Влажное дерево дымило, и клубы дыма закрыли Гер-цедека от взоров любопытной толпы. Обычно треск разгорающихся дров перекрывался криками жертвы, но на этот раз их не было слышно. Площадь притихла, а когда порыв ветра отнес дым в сторону, взглядам палачей и ксендзов открылось удивительное зрелище: человек, стоявший на костре, улыбался…
Место на еврейском кладбище для останков Гер-цедека определил сам Гаон. Чем он руководствовался при выборе – никто не знает, но говорят, будто он долго ходил по кладбищу, словно вымеряя, высчитывая лишь ему известные координаты.
После переноса над могилами соорудили склеп, небольшой домик из бетона с тремя окнами и башенкой. Автобус, в котором я возвращался с работы, проходил недалеко от кладбища, и я завел себе привычку два раза в неделю выходить на ближайшей остановке и молиться на могиле Гаона.
Поначалу я долго стоял у запертой двери, вглядываясь в сумрак внутри склепа. Дверь сделали недавно, пару десятков лет назад, но выглядела она очень древней. Железо прогнило, нижний лист был помят, точно по нему часто-часто стучали маленькими молоточками, концы шестиконечной звезды разлохматились, краска, намазанная прямо по ржавчине, отставала целыми пластами. При небольшом усилии рисунок, созданный на двери ветром, морозом и сыростью, можно было представить, как географическую карту. Я рассматривал ее, воображая неведомую страну, ее города, реки, озера. Наверное, это всплывало во мне непрожитое до конца детство.

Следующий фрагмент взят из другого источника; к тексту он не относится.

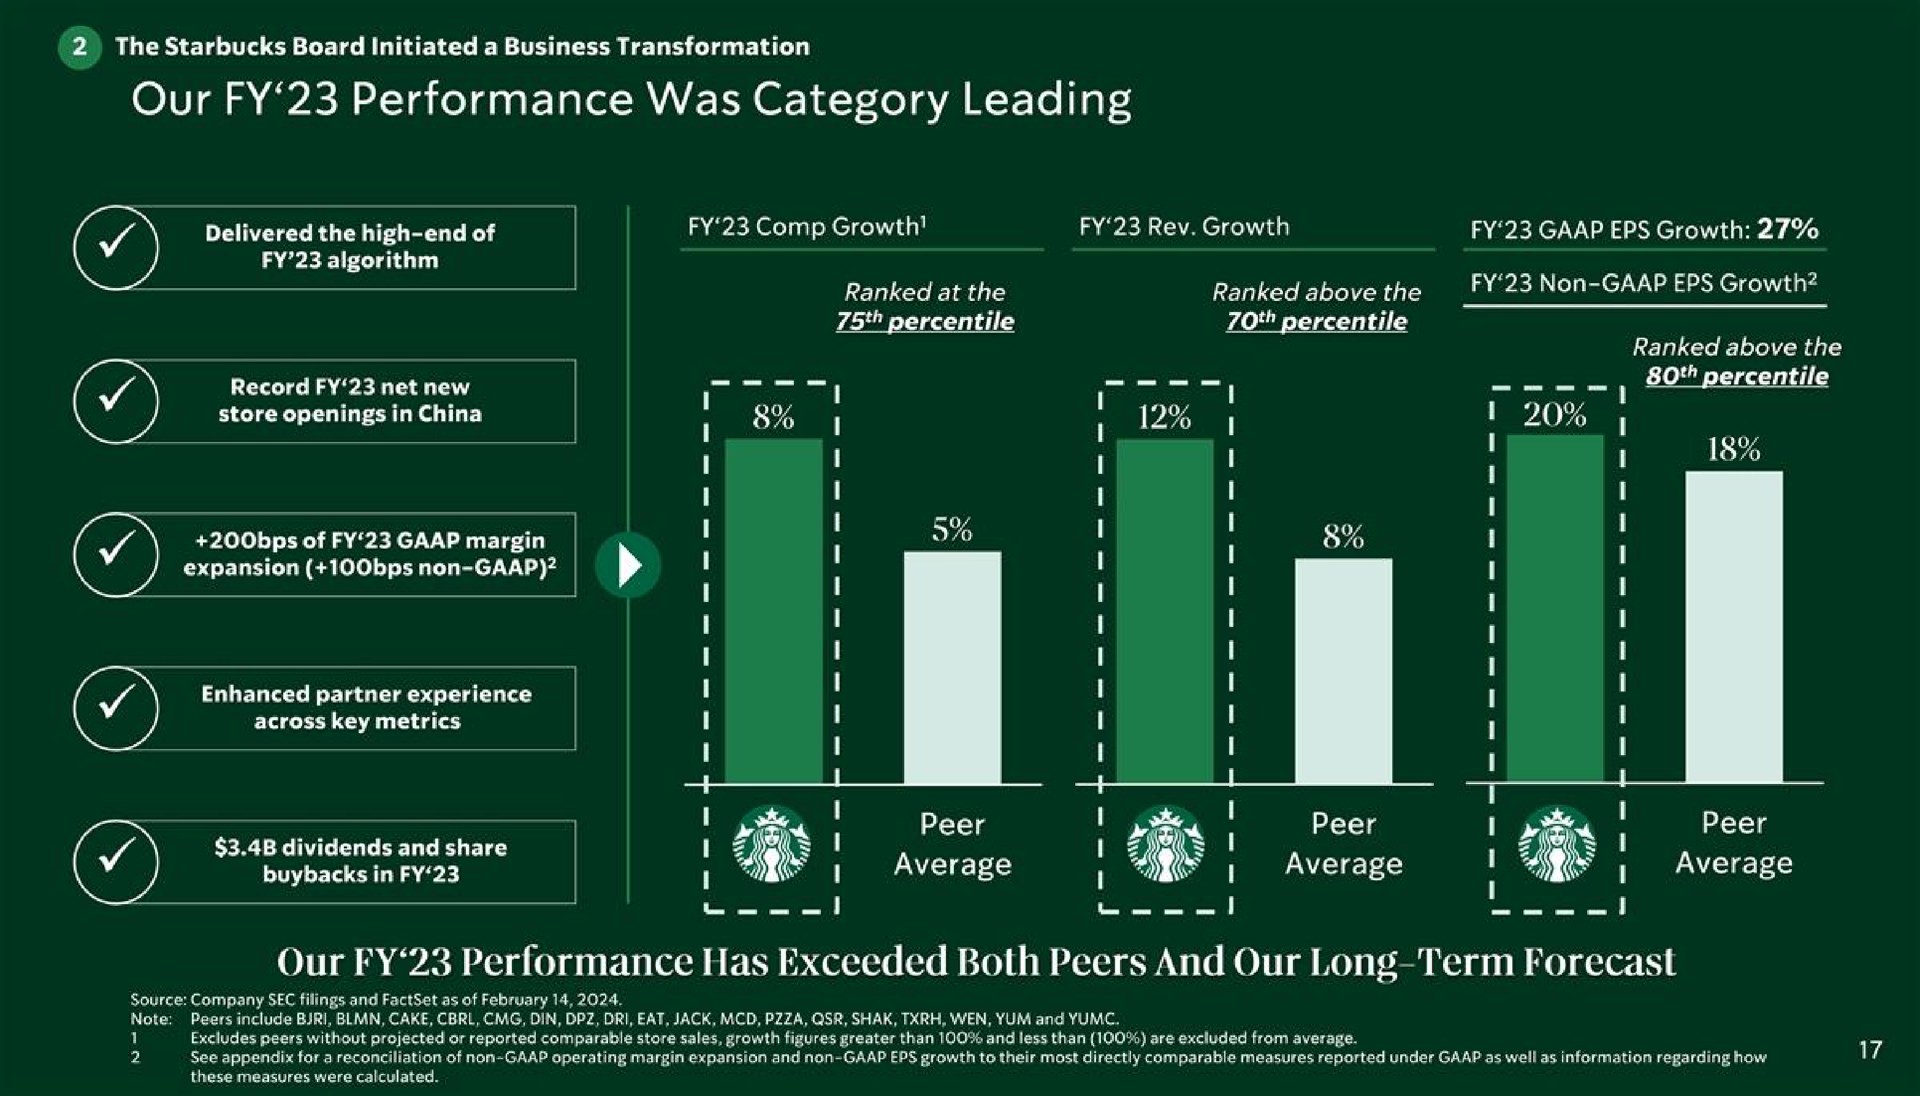 our performance was category leading of margin a a a peer brey our performance has exceeded both peers and our long term forecast | Starbucks

Религиозные люди часто обладают большим воображением. Постоянные упражнения духа, попытки разговора с невидимым, но вездесущим Творцом развивают фантазию, а у тех, кому посчастливилось родиться в соблюдающей традиции семье, навсегда остается в сердце кусочек детства, с его наивной верой в чудеса, высшую справедливость, непременное возмездие и обязательную победу добра над злом.

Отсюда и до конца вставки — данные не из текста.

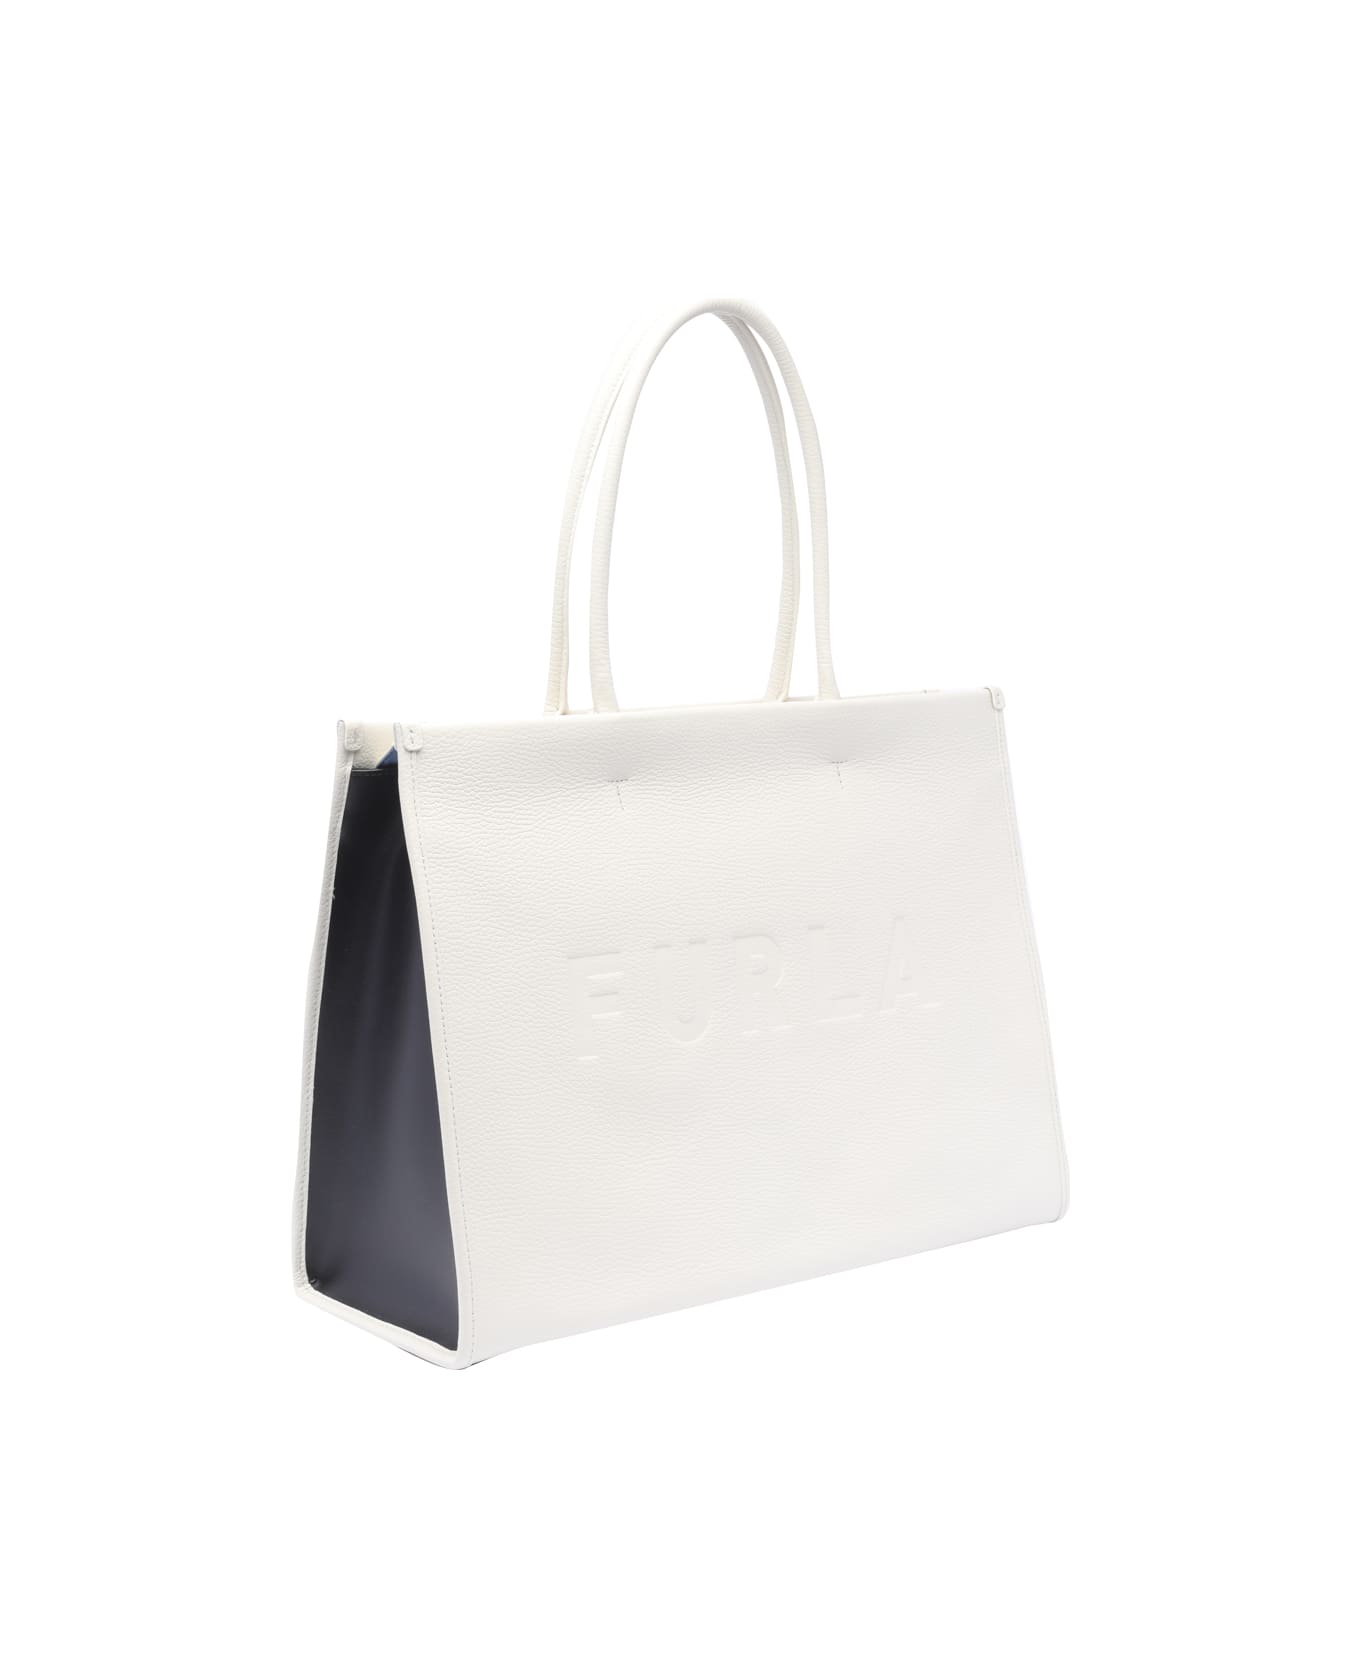 Furla Opportunity Tote Bag - S Marshmallow

Склеп выглядел так, будто простоял добрую сотню лет. По незнанию, я отнес состояние двери и раскрошившийся бетон на счет халтурной работы строителей. Много позже, изучая Талмуд в Бней-Браке, я обнаружил объяснение быстрого разрушения могилы.
Силы нечистоты обступают человека, точно канавка для полива окружает дерево. Ужасная, страшная нечисть вьется прямо у наших ног, и в том, что мы не видим эти создания, заключена большая милость Творца. Они кошмарны; тот, кому доведется хоть раз взглянуть на их истинное обличье, сходит с ума.
Особенно тянутся они к праведникам, летят на огонек святости, будто комары на огонек лампы. Одежда мудрецов изнашивается быстрее, чем у обычного человека, из-за мелких бесов, трущихся о штанины, цепляющихся к лацканам пиджаков. На могилу Гаона нечисть, видимо, летела тучами, словно саранча во время египетских казней.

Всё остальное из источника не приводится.